RAW DATA

******************************

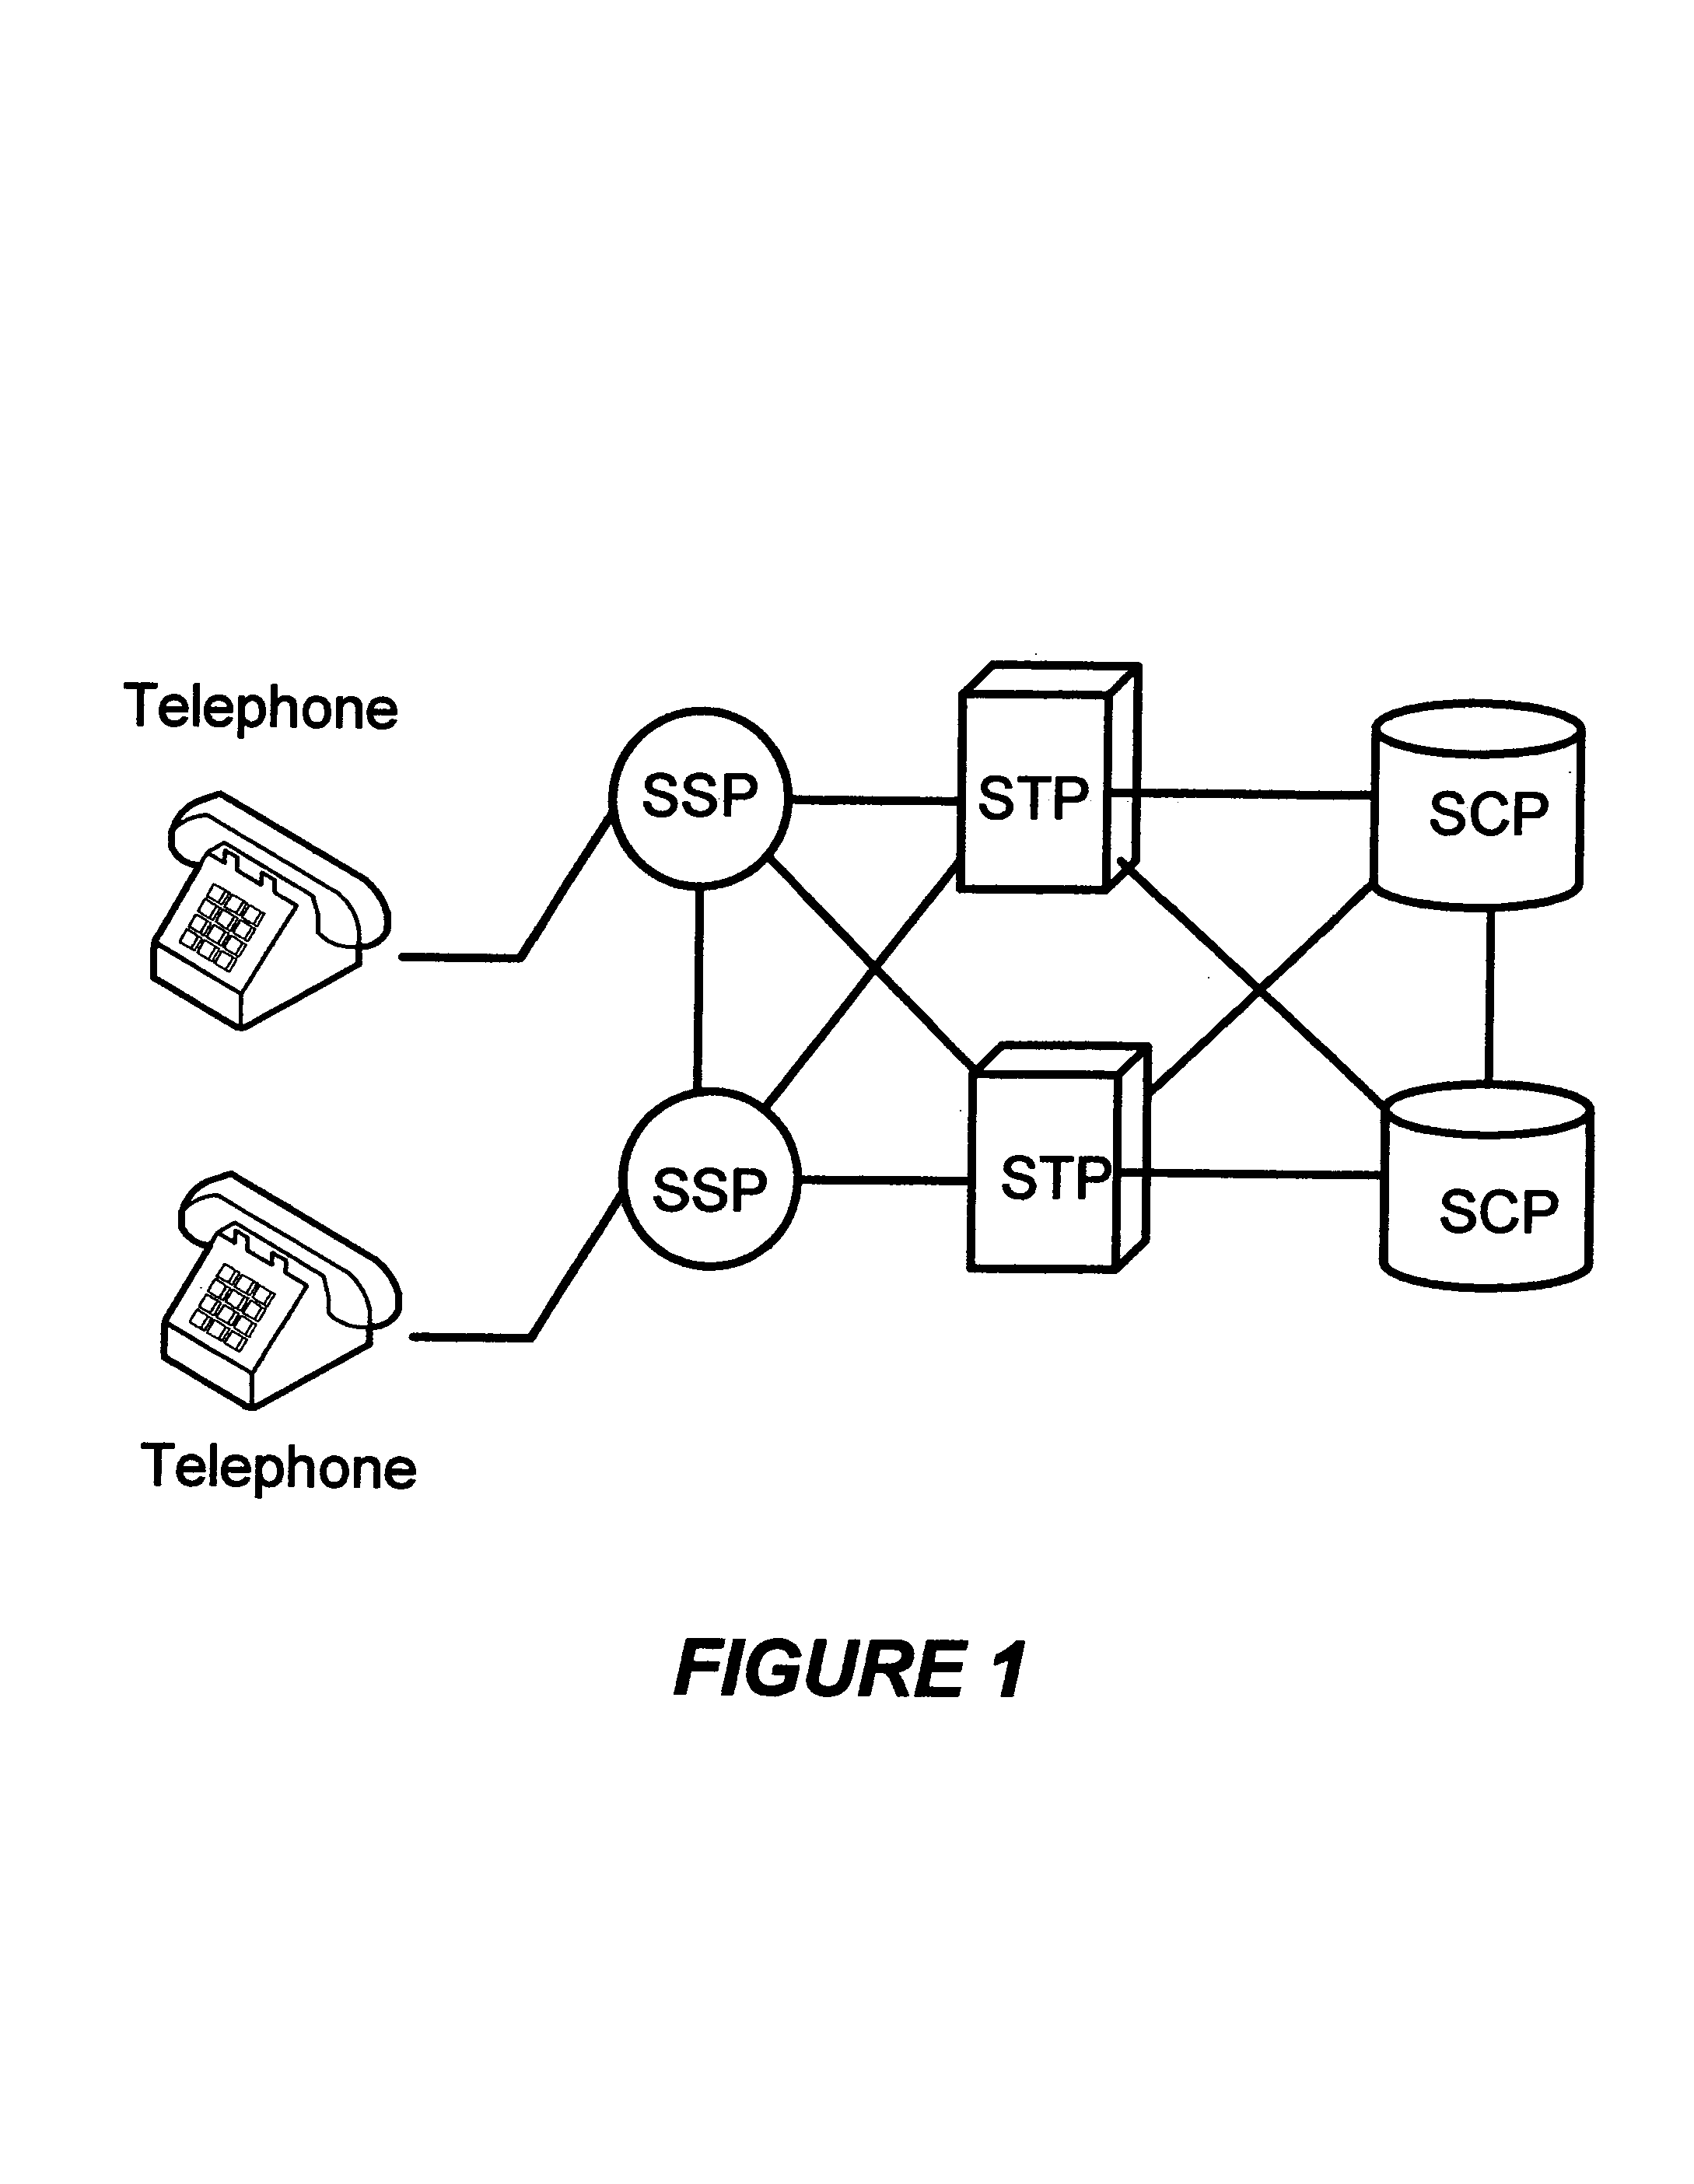 Real time call trace capable of use with multiple elements
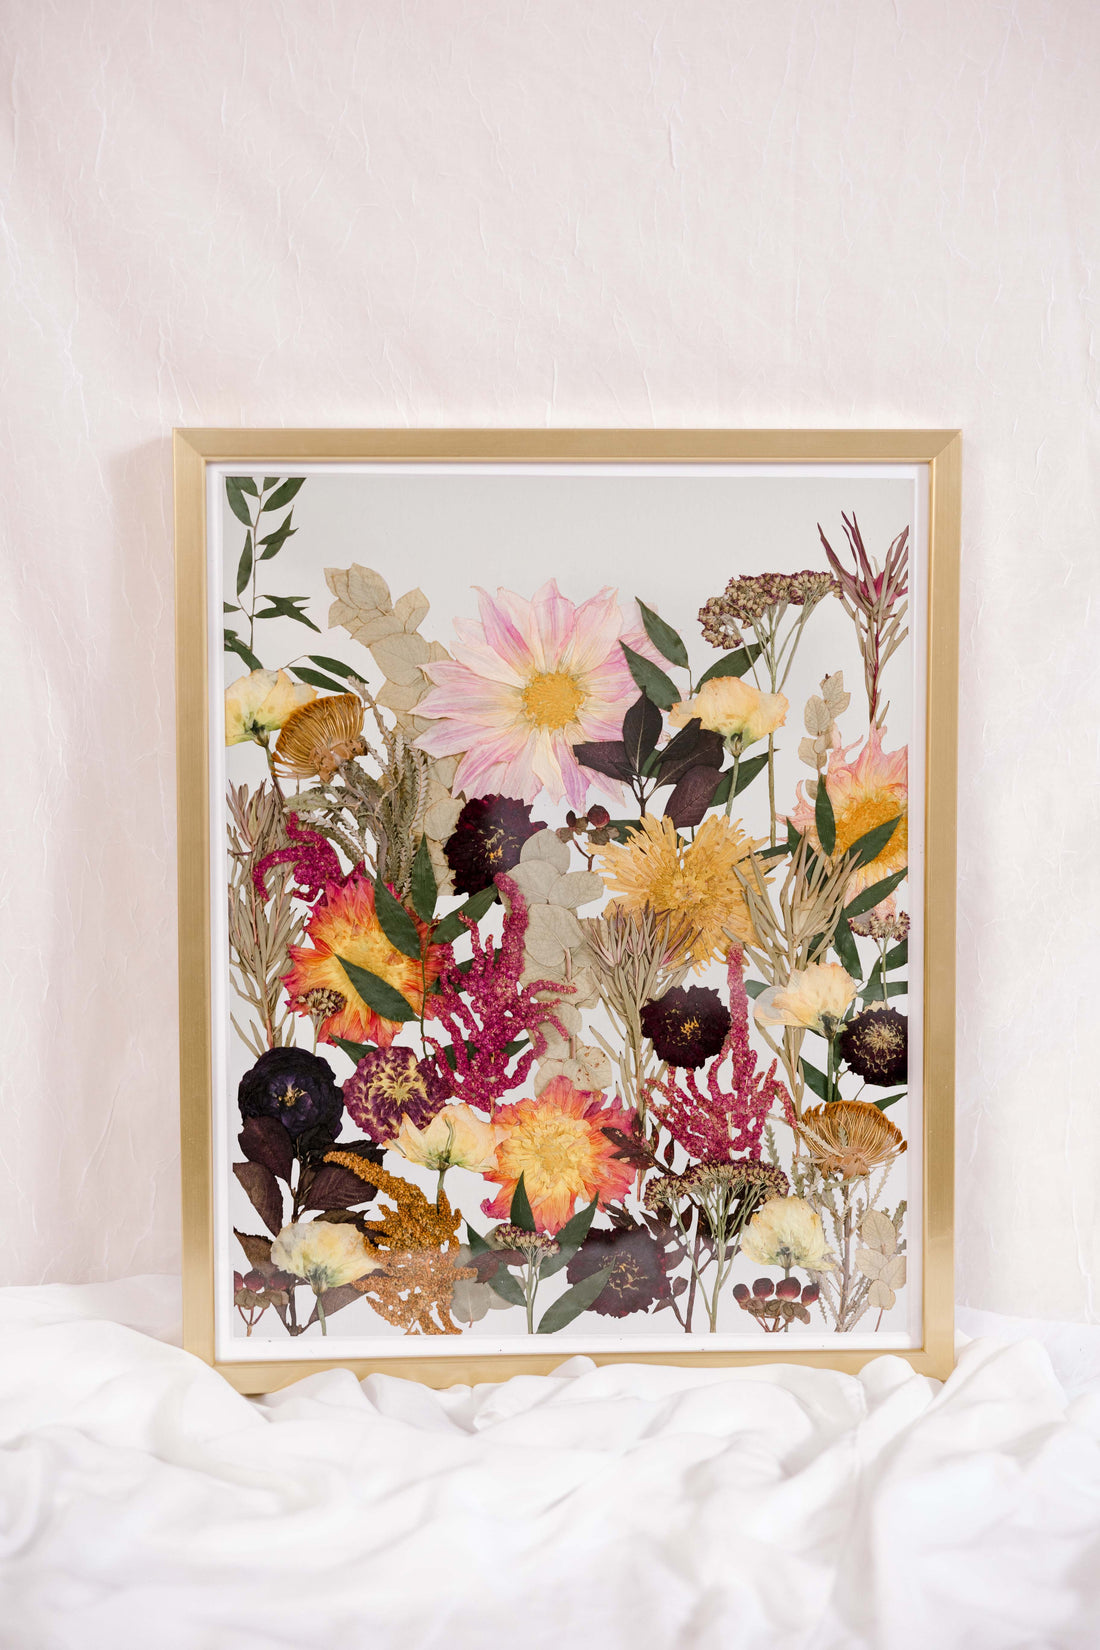 Vintage Framed Dried Pressed Flowers White Background 8.75x11”
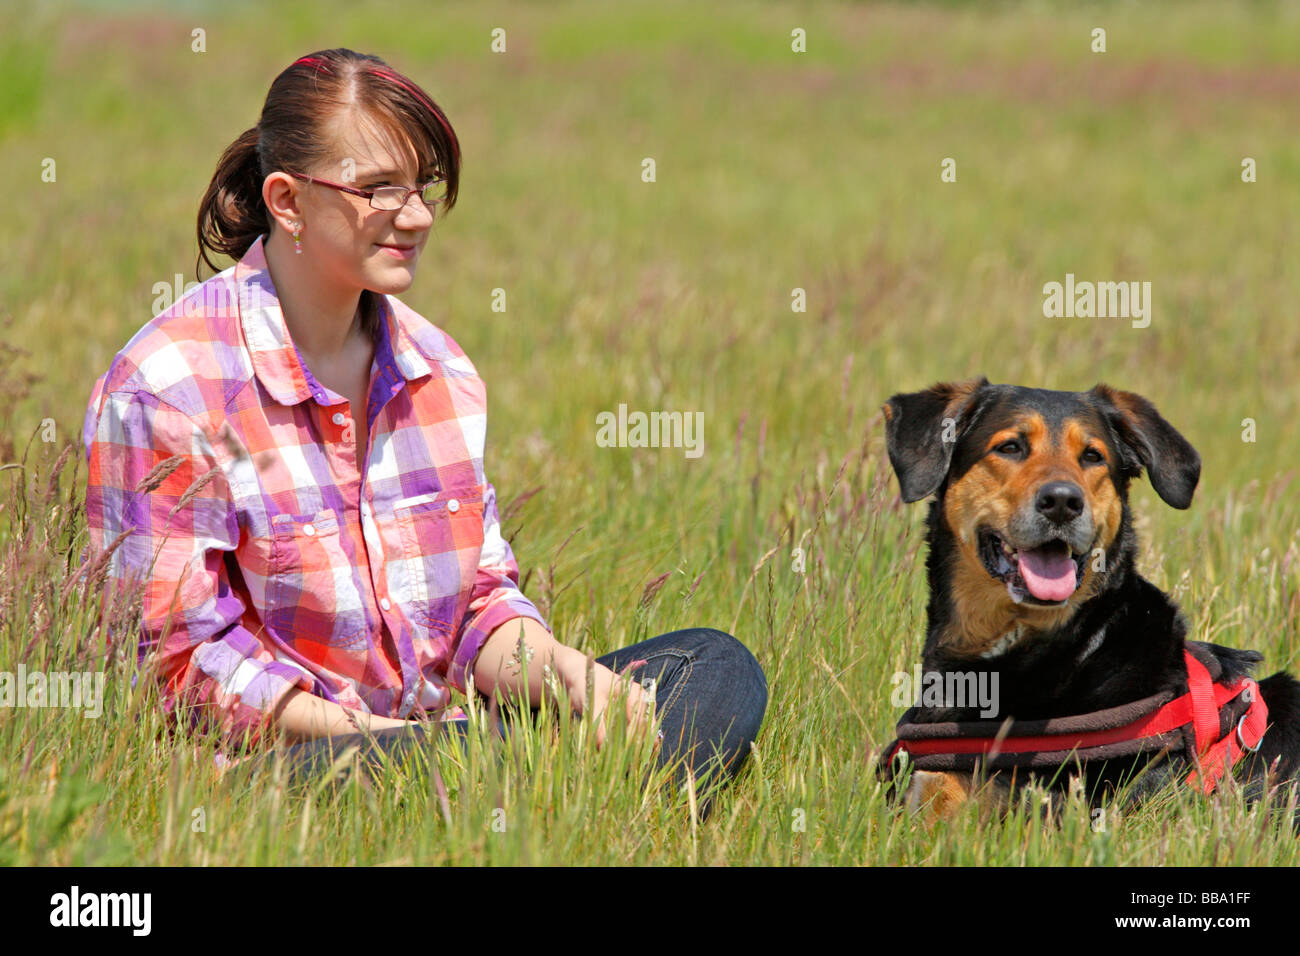 a young girl and her big dog Stock Photo

******************************

Please write out exactly the lines from the one holding "Vintage Framed Dried" through the last line of the material above, both included, as a copy without pictures.

TASK SOLUTION
 Vintage Framed Dried Pressed Flowers White Background 8.75x11”
 a young girl and her big dog Stock Photo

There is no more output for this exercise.